INSTRUCTIONS TO FOLLOW:
Transcribe nothing except the lines below that run from the one with "Rouge Marbeine Sac" to the one with "Eusapyga verticalis (Stelis?)", ends included, and do not copy any picture.

MATERIAL FOR THIS EXERCISE:
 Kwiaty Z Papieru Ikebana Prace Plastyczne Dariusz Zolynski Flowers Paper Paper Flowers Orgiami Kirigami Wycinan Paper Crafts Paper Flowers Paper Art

--

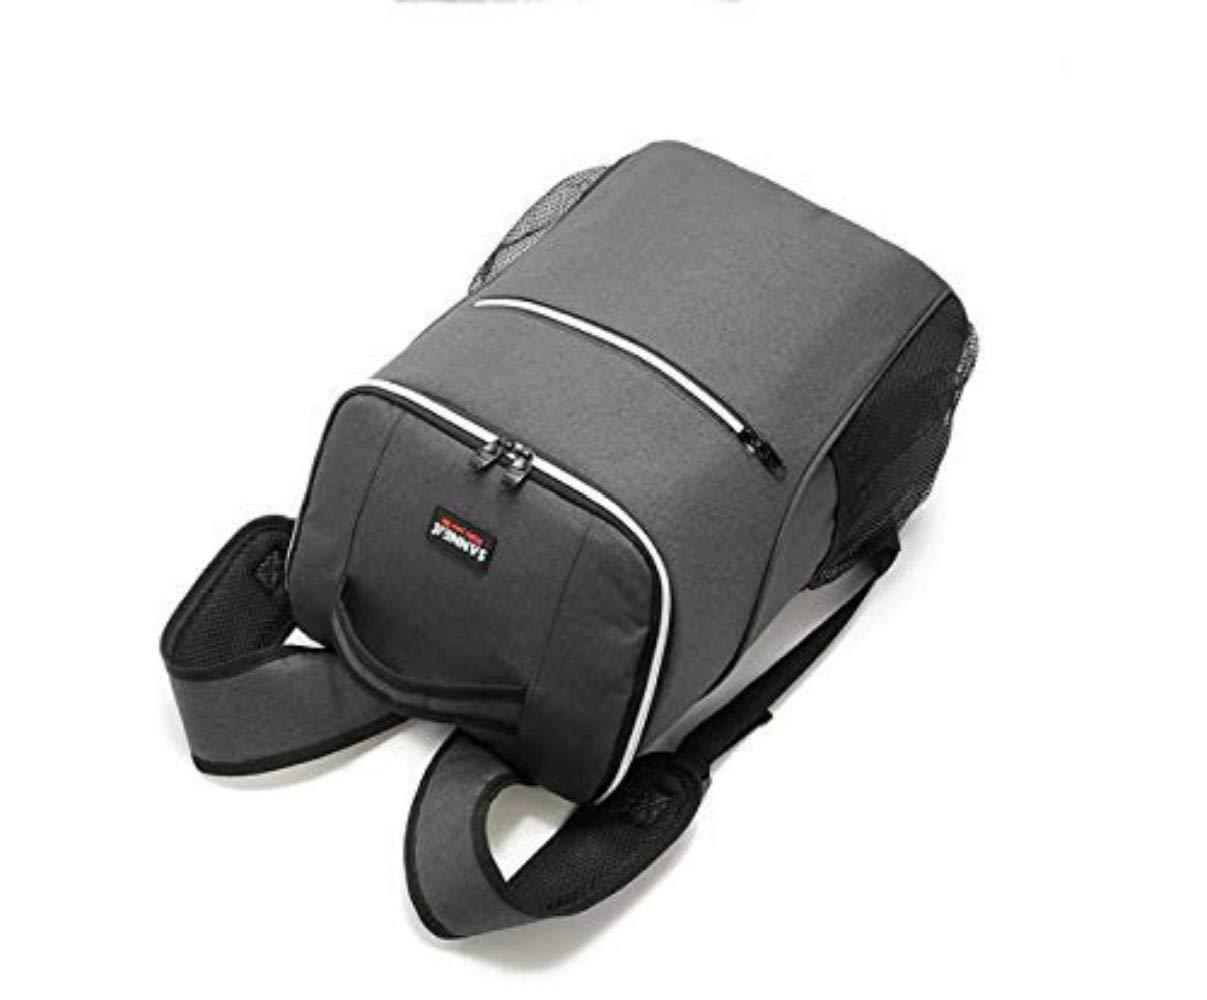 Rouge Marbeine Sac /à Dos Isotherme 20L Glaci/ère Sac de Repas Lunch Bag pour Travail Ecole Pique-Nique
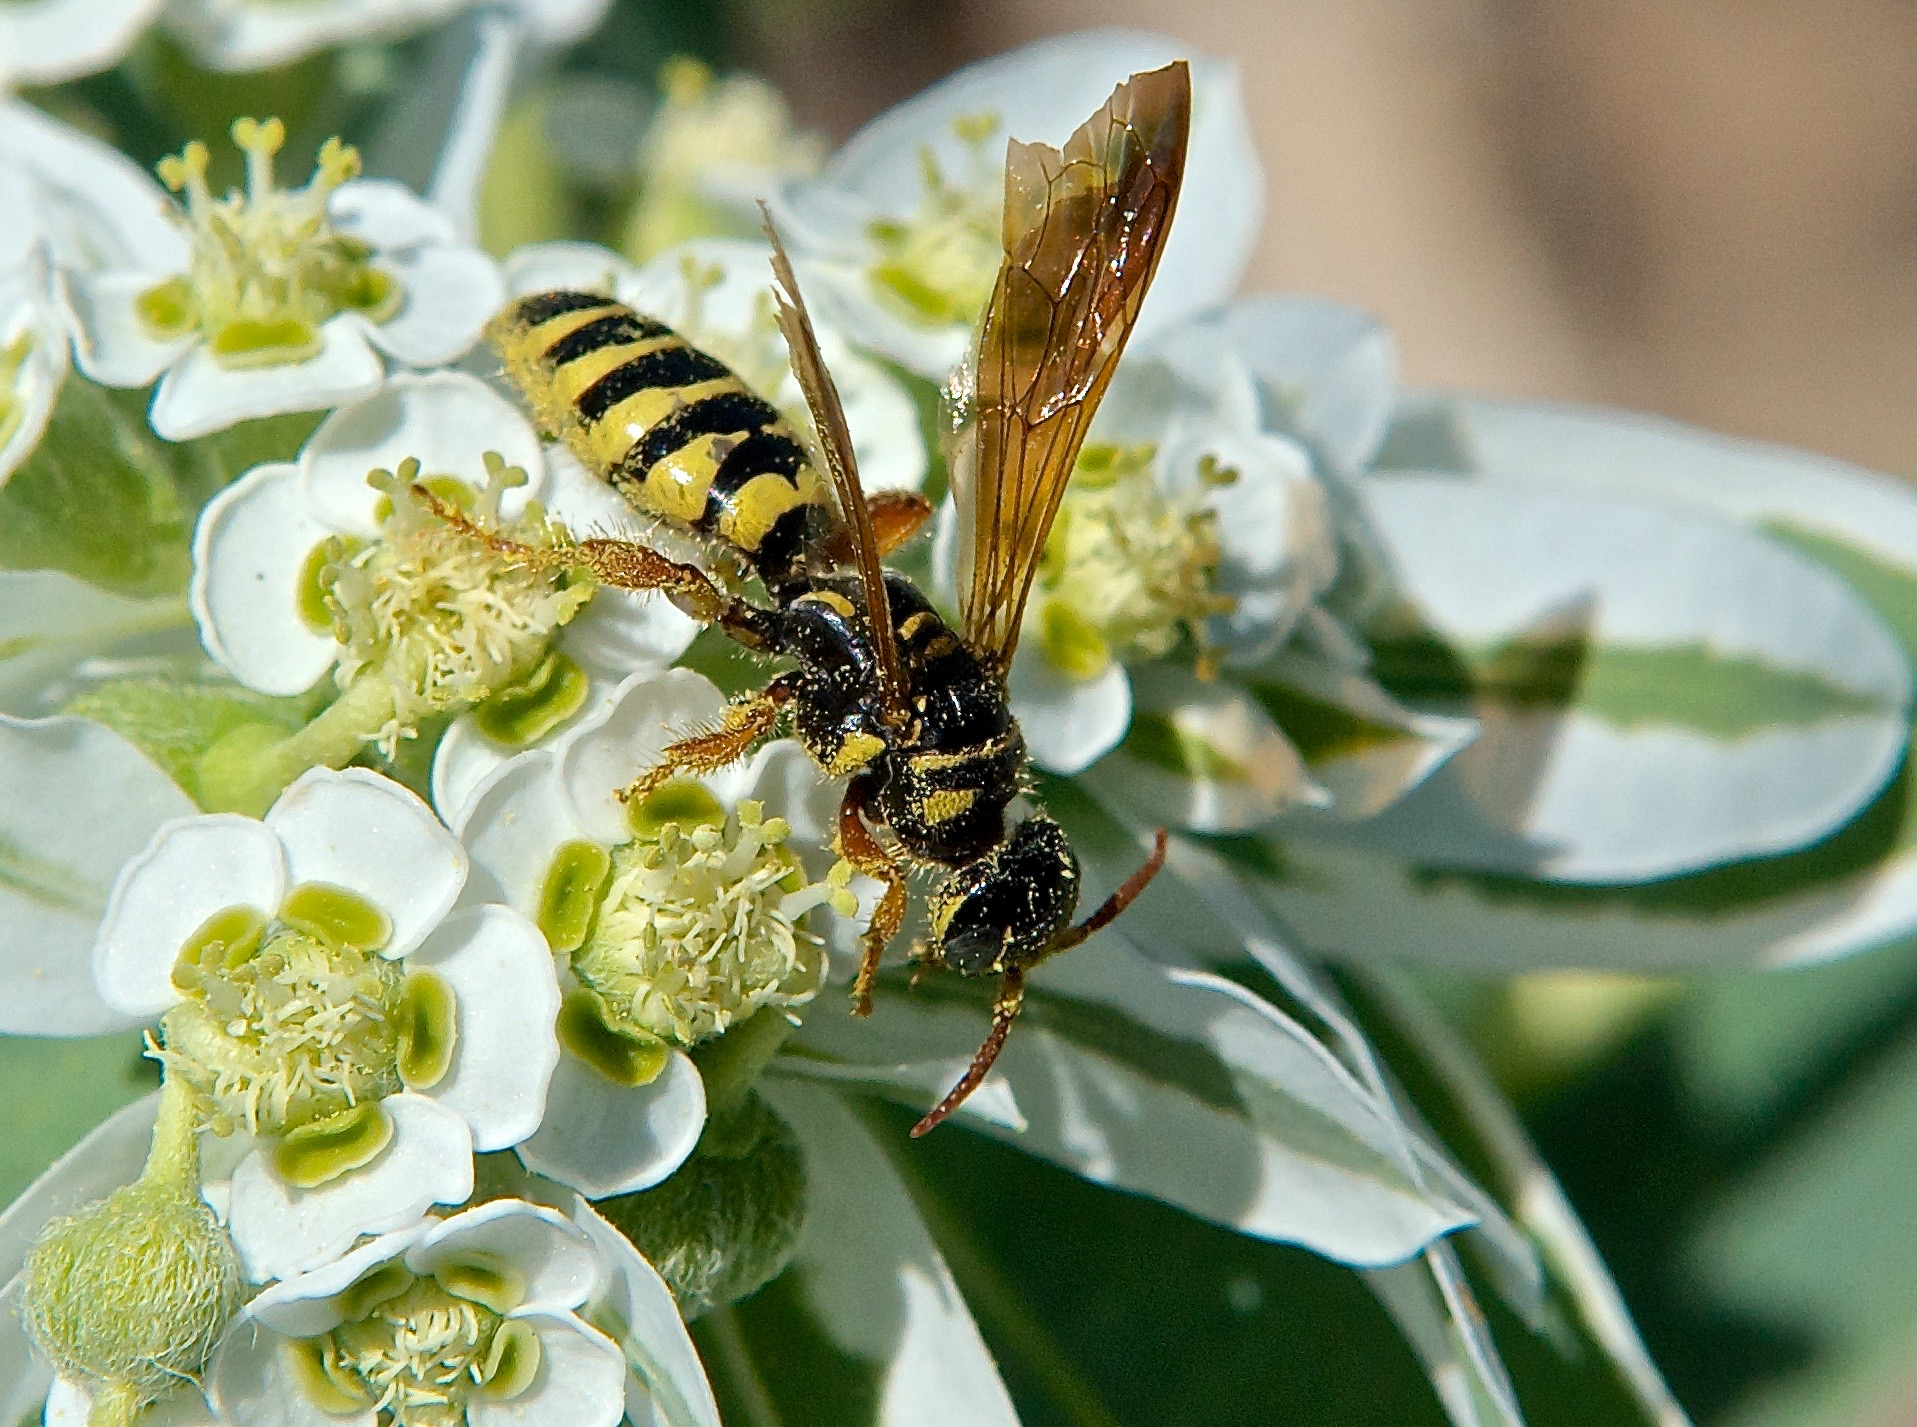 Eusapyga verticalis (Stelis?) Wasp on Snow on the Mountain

RESULT OF THIS TASK:
 Rouge Marbeine Sac /à Dos Isotherme 20L Glaci/ère Sac de Repas Lunch Bag pour Travail Ecole Pique-Nique
 Eusapyga verticalis (Stelis?) Wasp on Snow on the Mountain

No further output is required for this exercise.